**** INFORMATION SHOWN ****

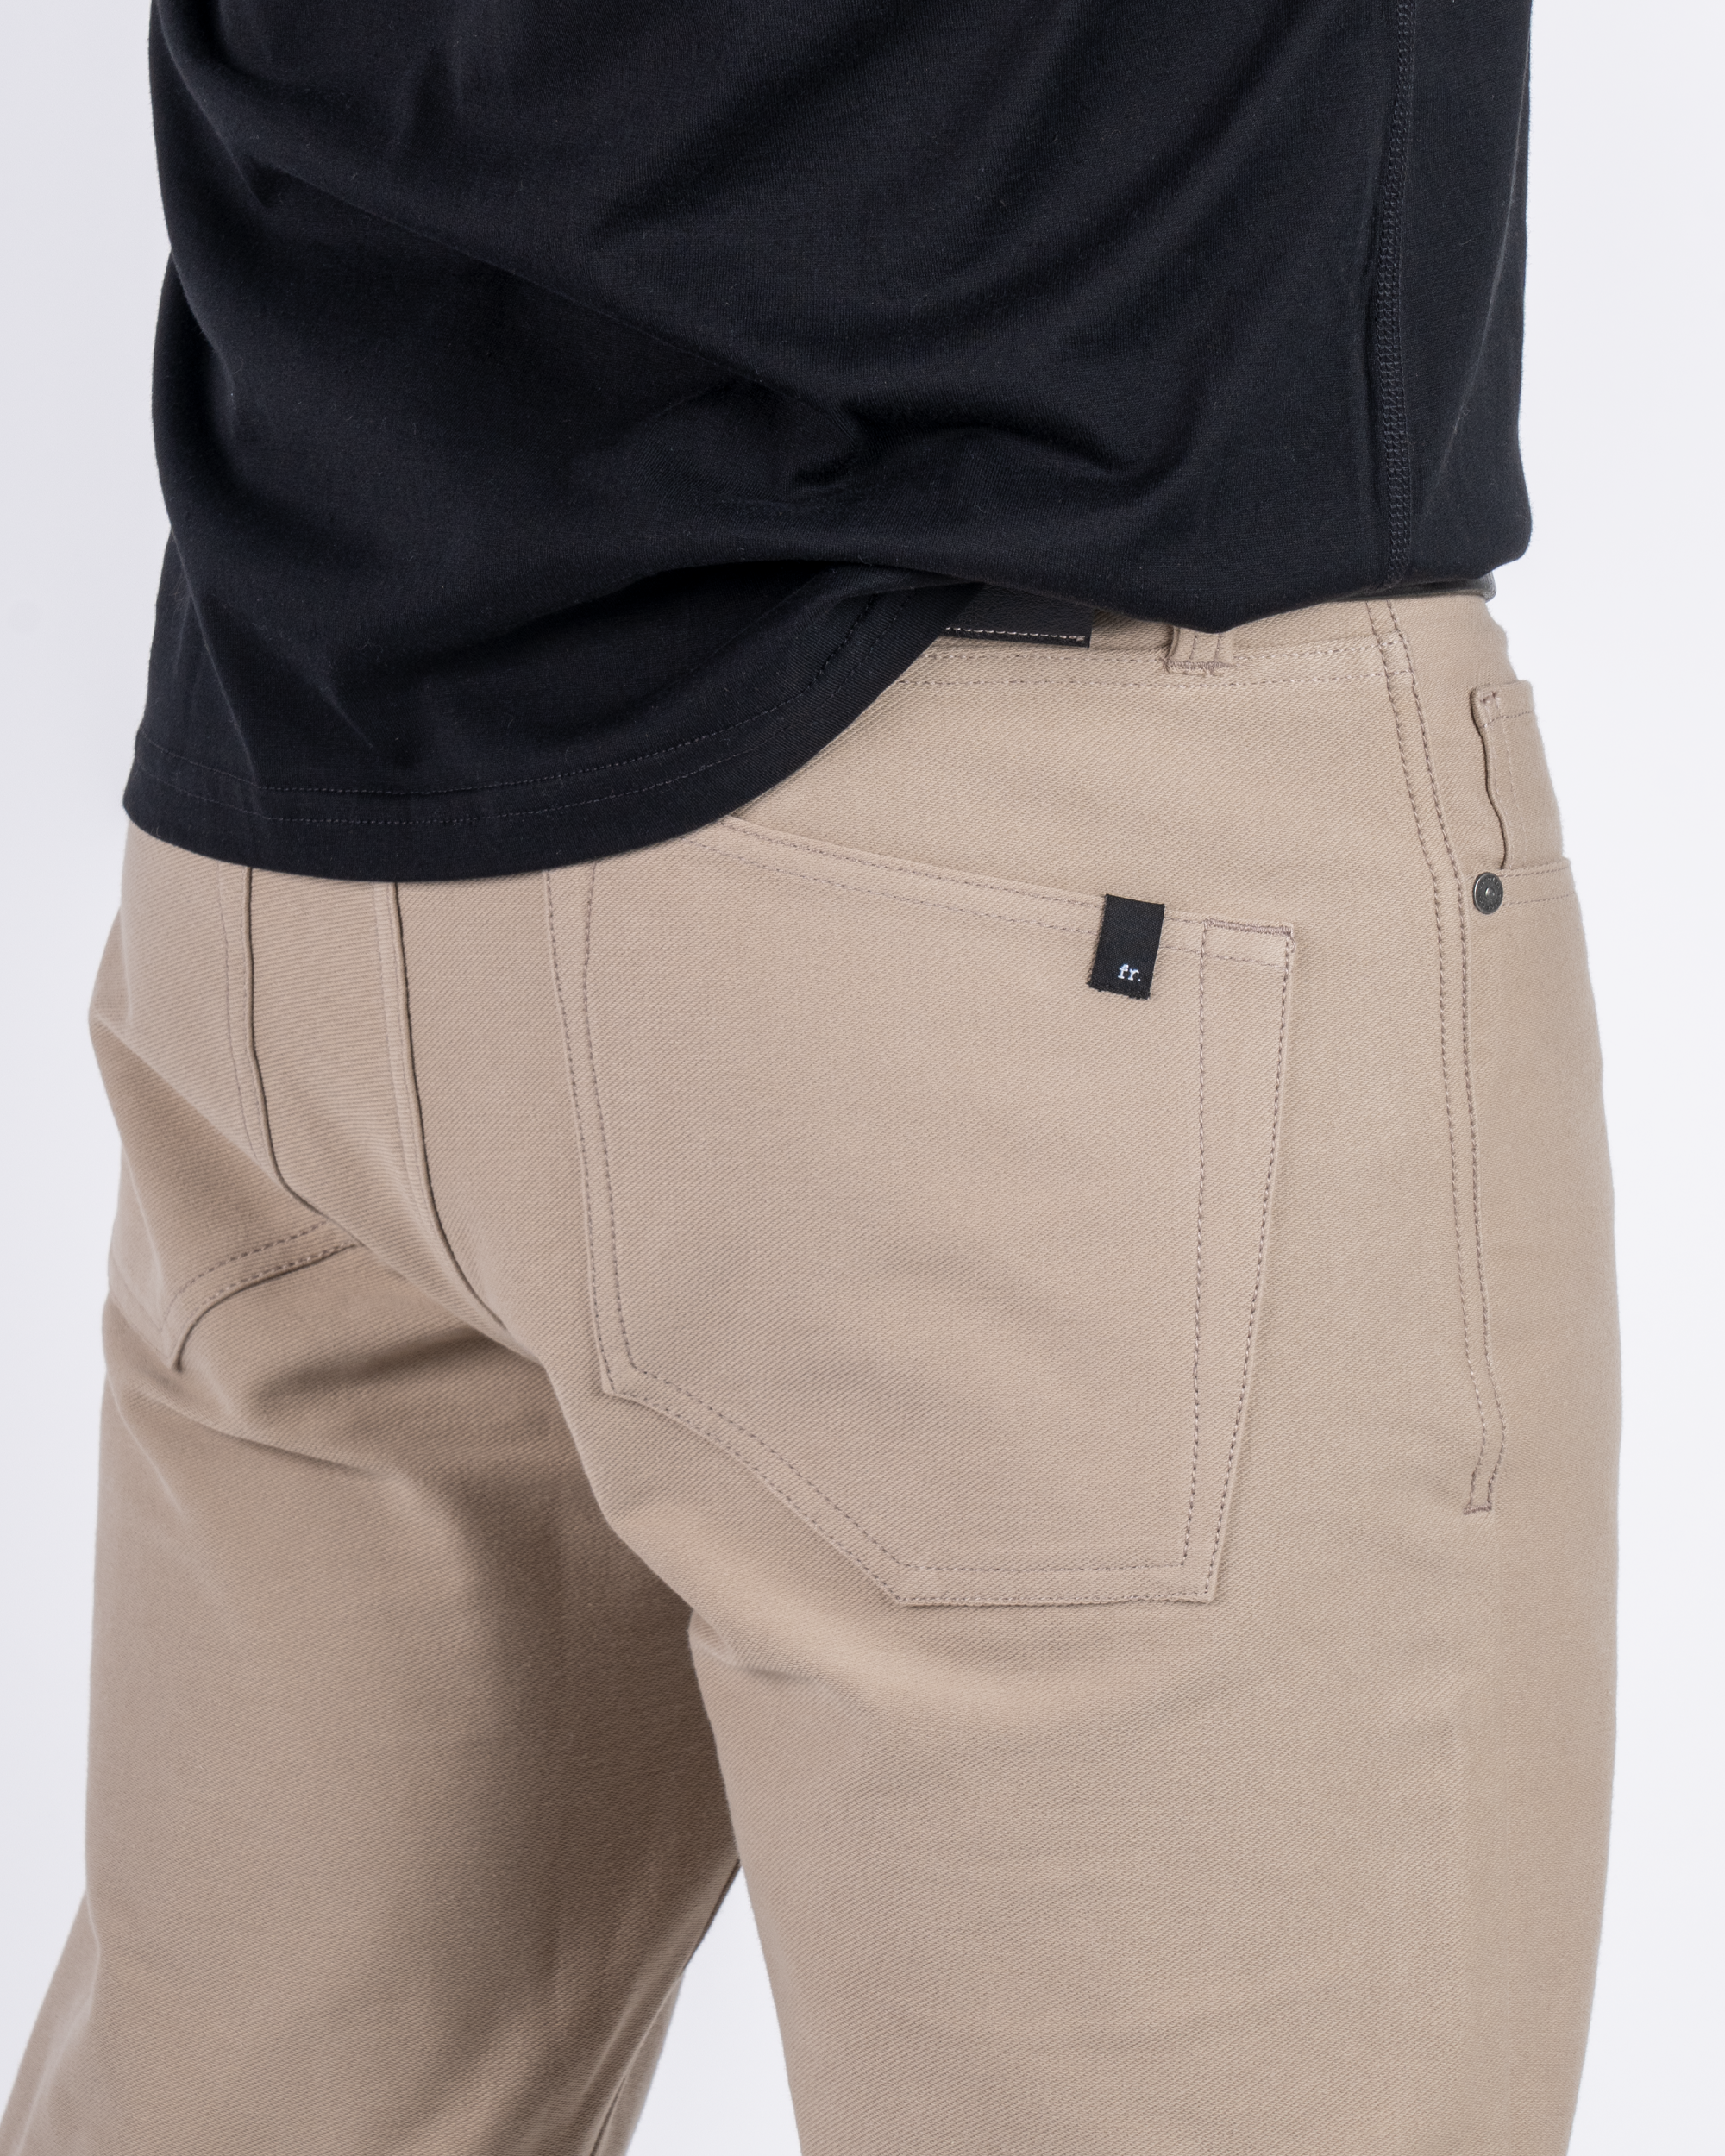 Foreign Rider Co Organic Cotton Tan 5 Pocket Pant Back Pocket Detail
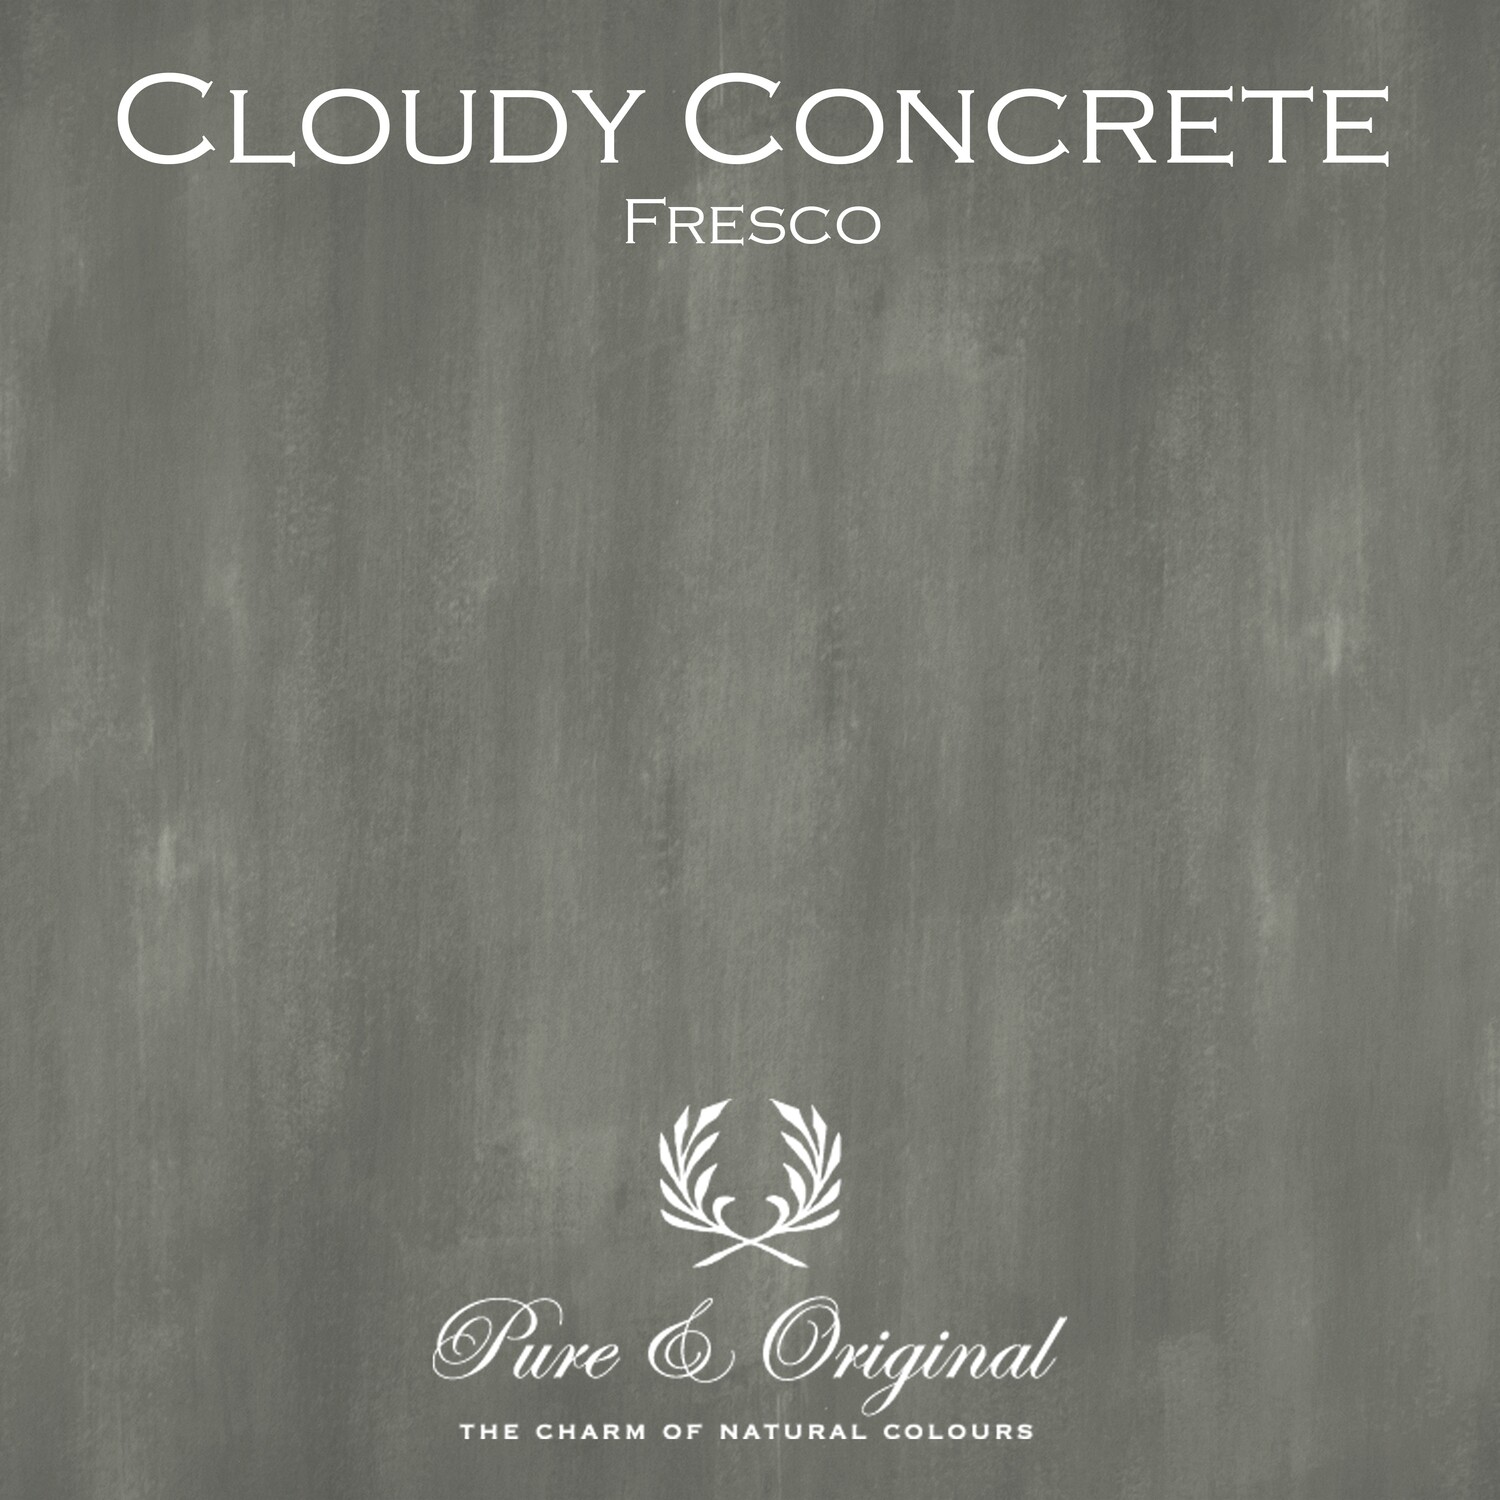 Cloudy Concrete Fresco
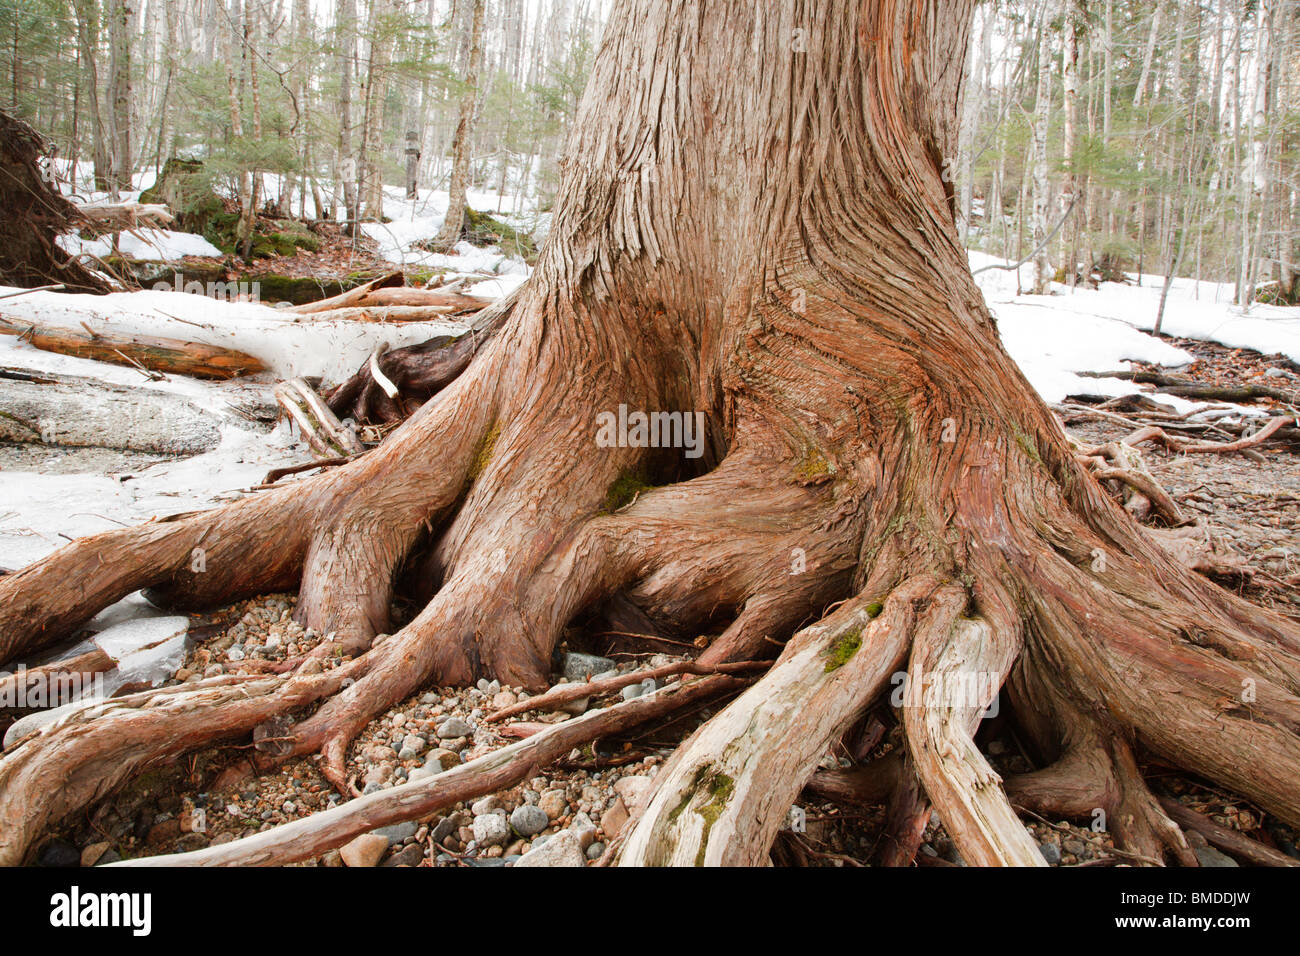 Northern White Cedar tree Stock Photo

****

- WHAT THE TASK REQUIRES
Give back the material word for word and drop the pictures it holds.

- WRITTEN SOLUTION
 Foreign Rider Co Organic Cotton Tan 5 Pocket Pant Back Pocket Detail
 Cloudy Concrete Fresco
 Northern White Cedar tree Stock Photo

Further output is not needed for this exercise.